X-LAWSと相手チームの試合は言葉に詰まる程ひどいもので、リゼルグにしてしまった事の後悔と自責に追い討ちをかけるような出来事だった。
彼らのトップであるアイアン・メイデン・ジャンヌと名乗る少女は、無茶苦茶だと思う難癖(彼らは悪罪だと言い張っていた)をつけ極端な手段を用い一瞬の内に相手を滅殺する。
その様子は独善により起こる理不尽な処罰としか言いようがない。
そんな残忍過ぎる事を平然と行う集団に仲間になろうかと迷う彼の背中を押したのは他の誰でもない、私だ。
幸い、と言っていいのか。いや、全く良くもない。けどリゼルグはこの戦いで誰一人殺すことは無かった。汚れた事は全てトップの純粋な狂気を持つ少女がした。
彼はきっと自分の優しさを無視して、ハオに復讐するためと銘打ちこれから人を殺め出すだろう。
私の不適切な説明で、少しの弱さも必要だと知らずに歪んでしまうだろう。
あの夜の考え無しな返答を今更悔いても遅い。
仲間の皆は私を除いて選手専用の食堂に行っている。自分はとても胃に何かを入れる気になれなかったので1人ぽつんと選手控室である民宿の縁側に座っていた。
時たま吹く夜風は重い私の心に痛烈に染みる。
「おぉ、まだ居たんかリリカ」
「葉…」
「お前来なくて皆心配してたぞー。らしくねぇ」
「飯食う気にはなれなくて、ちょっと…な」
「リゼルグの事、そんなに気になるか?」
今回の件で渦中にある少年の名前を聞いて、心が締め付けられるように痛む。
あまりにもわかり易い反応をしてしまったのか葉も私の変化に感づいた。
「…詳しくはわかんねぇからハッキリ言えねえけど、アイツはリリカの言葉が無くてもX-LAWSに入ったと思うんよ」
「どういう事だよ」
「うーん、多分1番吐き出しやすかったのがリリカだったんだろ」
「吐き出しやすかった…?」
「オイラだってたまにあるぞ。なんかでっけぇ悩み抱えてる時、1番受け入れてくれそうなヤツに全部言う。アドバイスしてくれとか言いながら、ほんとはただグチを聞いてほしいだけなんだ。まぁオイラの場合阿弥陀丸なんだけどな」
そう言うと葉はお決まりの毒っ気無い笑顔でこちらを向く。
吐き出しやすかった、うん、成程。
そういう考えもあるのか。
あん時の私は直前のハプニングで色々とボロボロだったから言葉の裏だとか、含みをあまり汲み取ることは出来なかった。
でもまだ腑に落ちなくて、言葉に詰まり葉の言葉に返答できず下を向いて黙っていたらすごい勢いで誰かに背中を叩かれる。飛び上がるんじゃないかって位驚きながら振り向くと、うんざりした様子のアンナちゃんが立っていた。
「まったく、あんた年長者を名乗るならしっかりしなさい。うじうじして恥ずかしいと思わないワケ?」
「わっ…アンナも帰ってきたんか」
「ごめん、こういう事に転ぶとは思わなくって、ショックで」
「リリカに相談しようと思ったくらいなんだから、下手くそなアドバイスも想定内だと思うしあの子があんたによっておかしな行動に走ったのならその程度じゃあないの」
「アンナは厳しいなぁ」
「葉はちょっと静かにしてて」
彼女の言葉は厳しいかもしれないけど、アンナちゃんなりに励ましてくれているのはひしひしと伝わる。
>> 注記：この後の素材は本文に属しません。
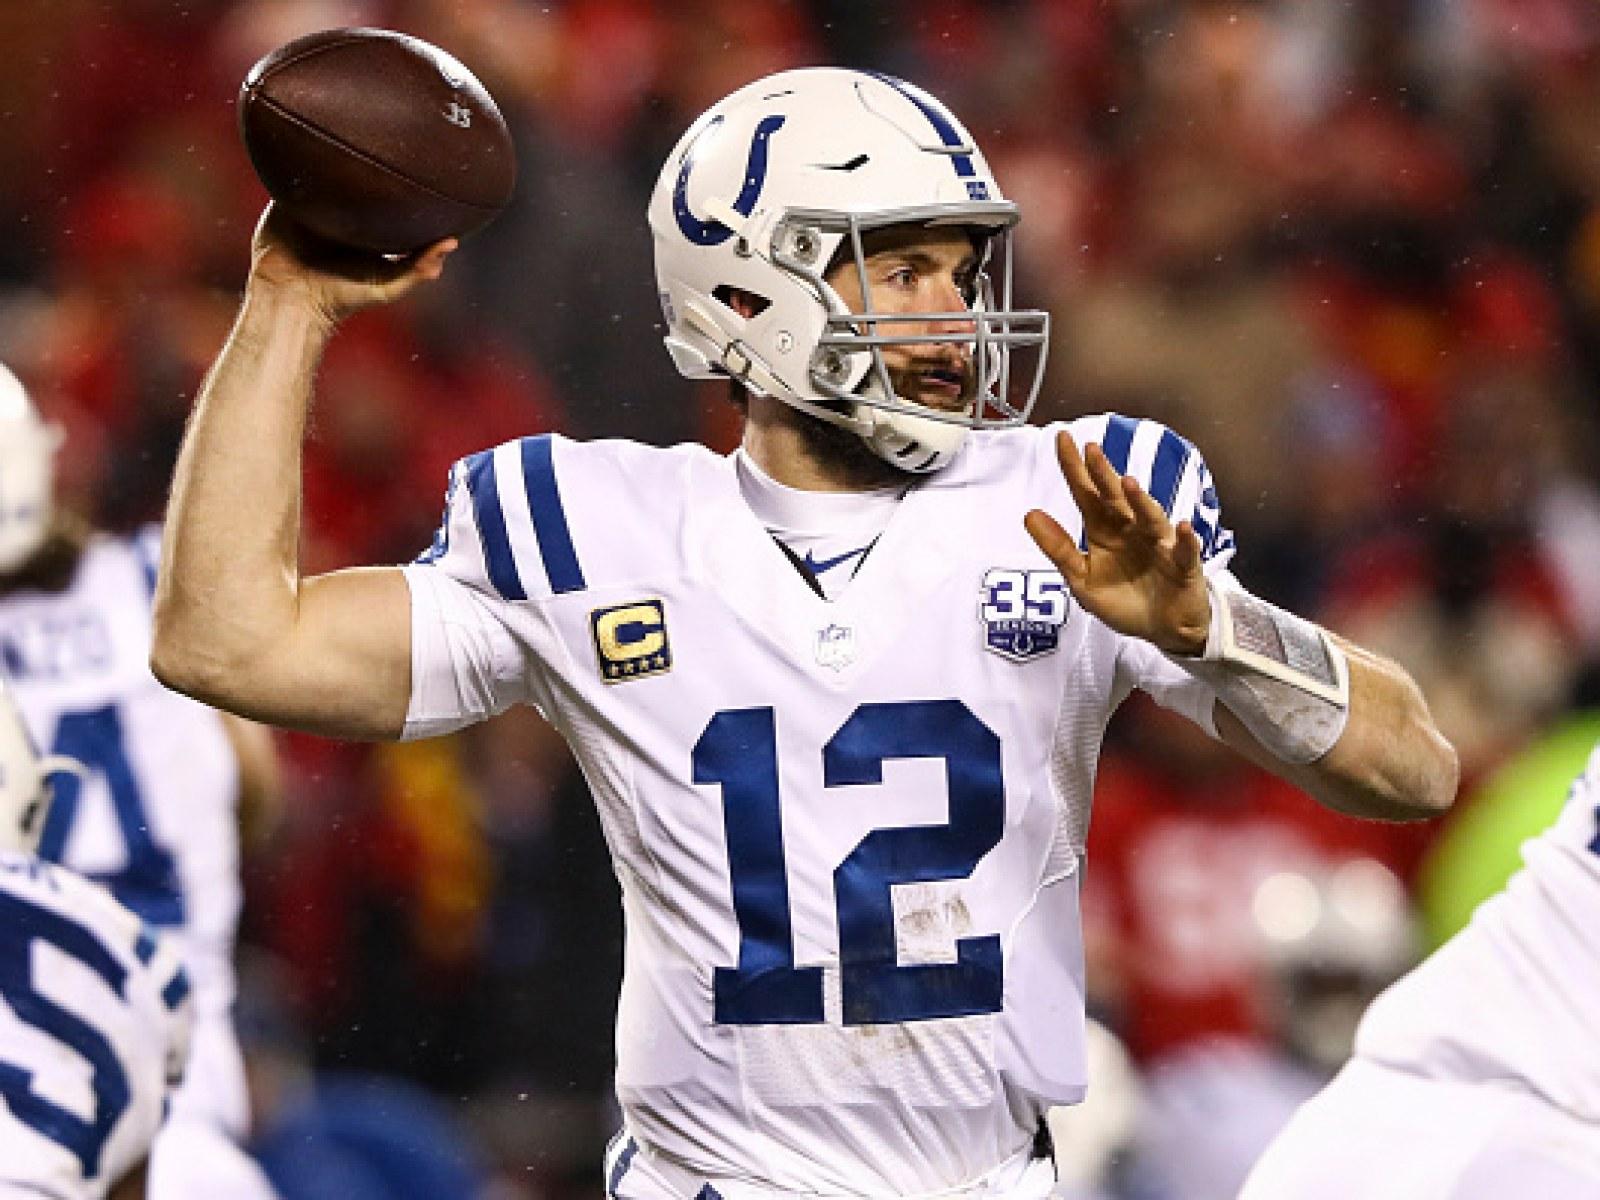 Colts Quarterback Andrew Luck To Retire From NFL on Sunday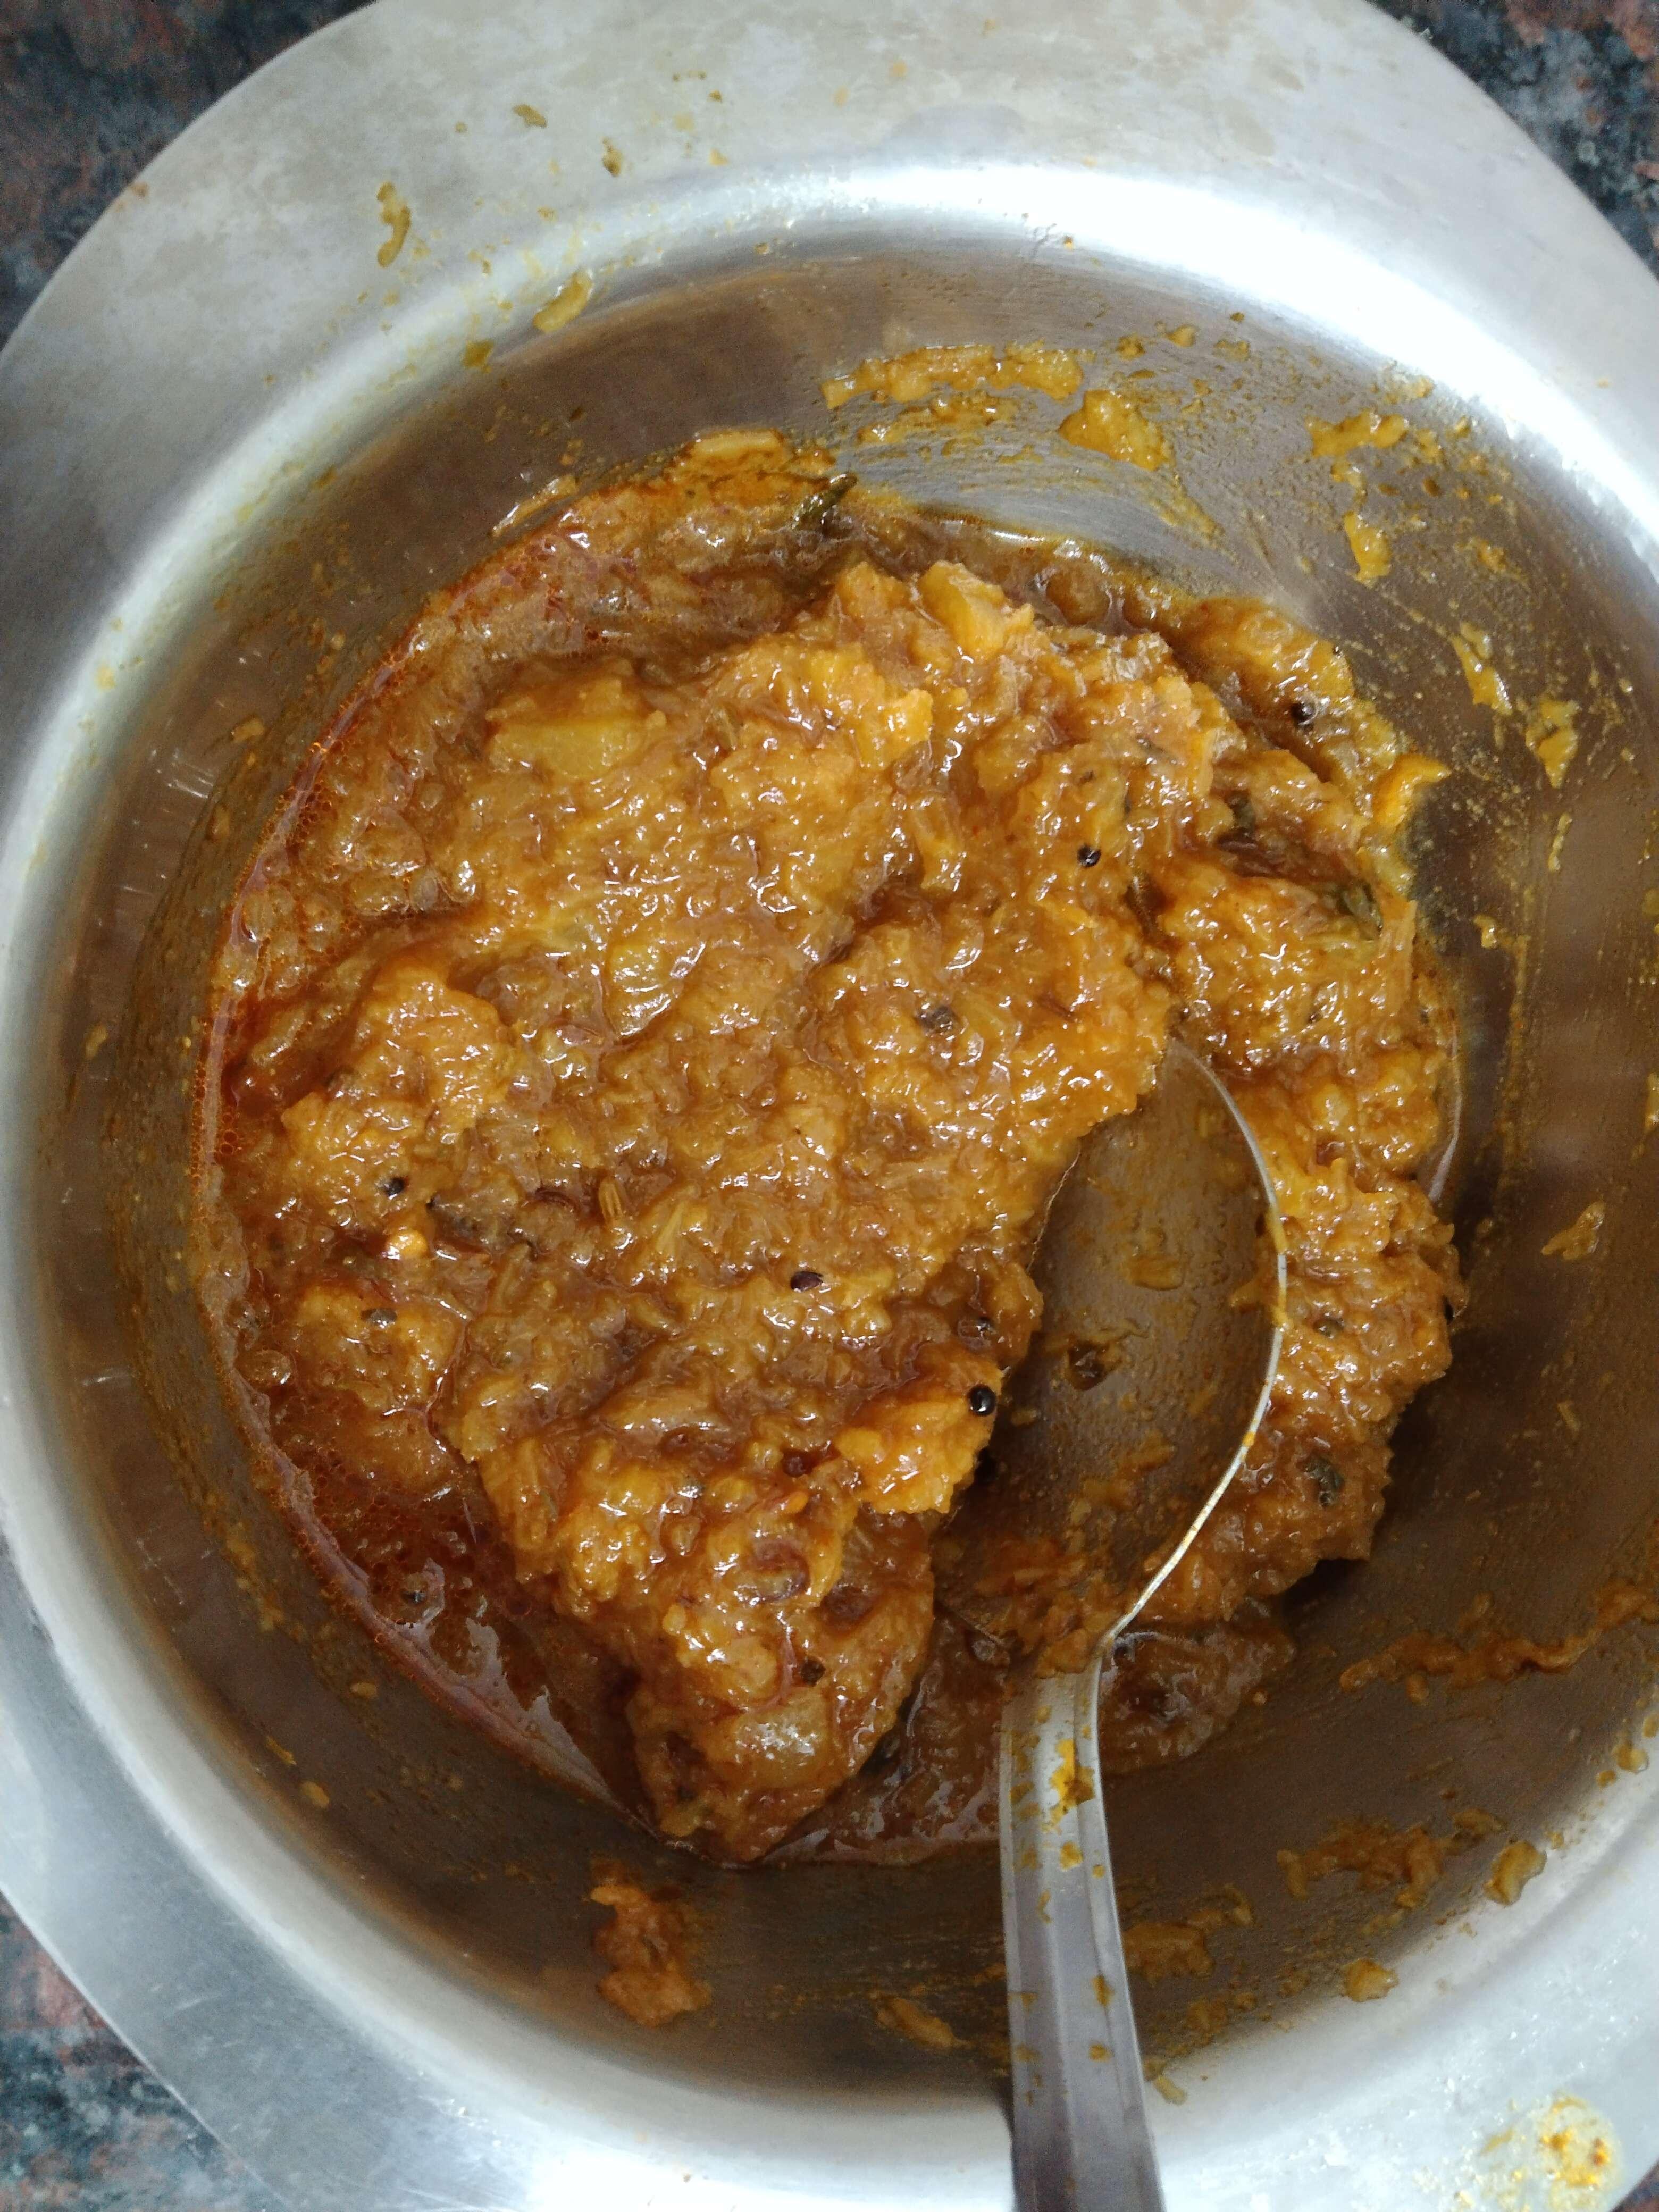 Tasty Kaddu ki Sabzi cooked by COOX chefs cooks during occasions parties events at home

今日の一件以来の出来事を振り返ると、葉やアンナちゃんだけじゃなく、他の仲間達にも変な心配ばかりかけてしまっていた。
本当に情けない。
「ま、私は彼じゃないから言いきれないけど…いい加減にしなさい。葉の初試合も控えてるのにアンタにばかりかまけてられないのよ!いつもの馬鹿みたいな態度で受け流すリリカはどうしたの」
「………うん」
「返事をしたわね?ならもう明日からそんな湿ったらしい雰囲気出さないように、今日はもうさっさと寝る!」
そう言ってアンナちゃんは喝を入れるようにまた私の背中をぶっ叩く。
その衝撃でチクチクしていた心の針が取れたような気がする。彼女の平手はそんなに痛くない筈なのに、何故か少し涙が出た。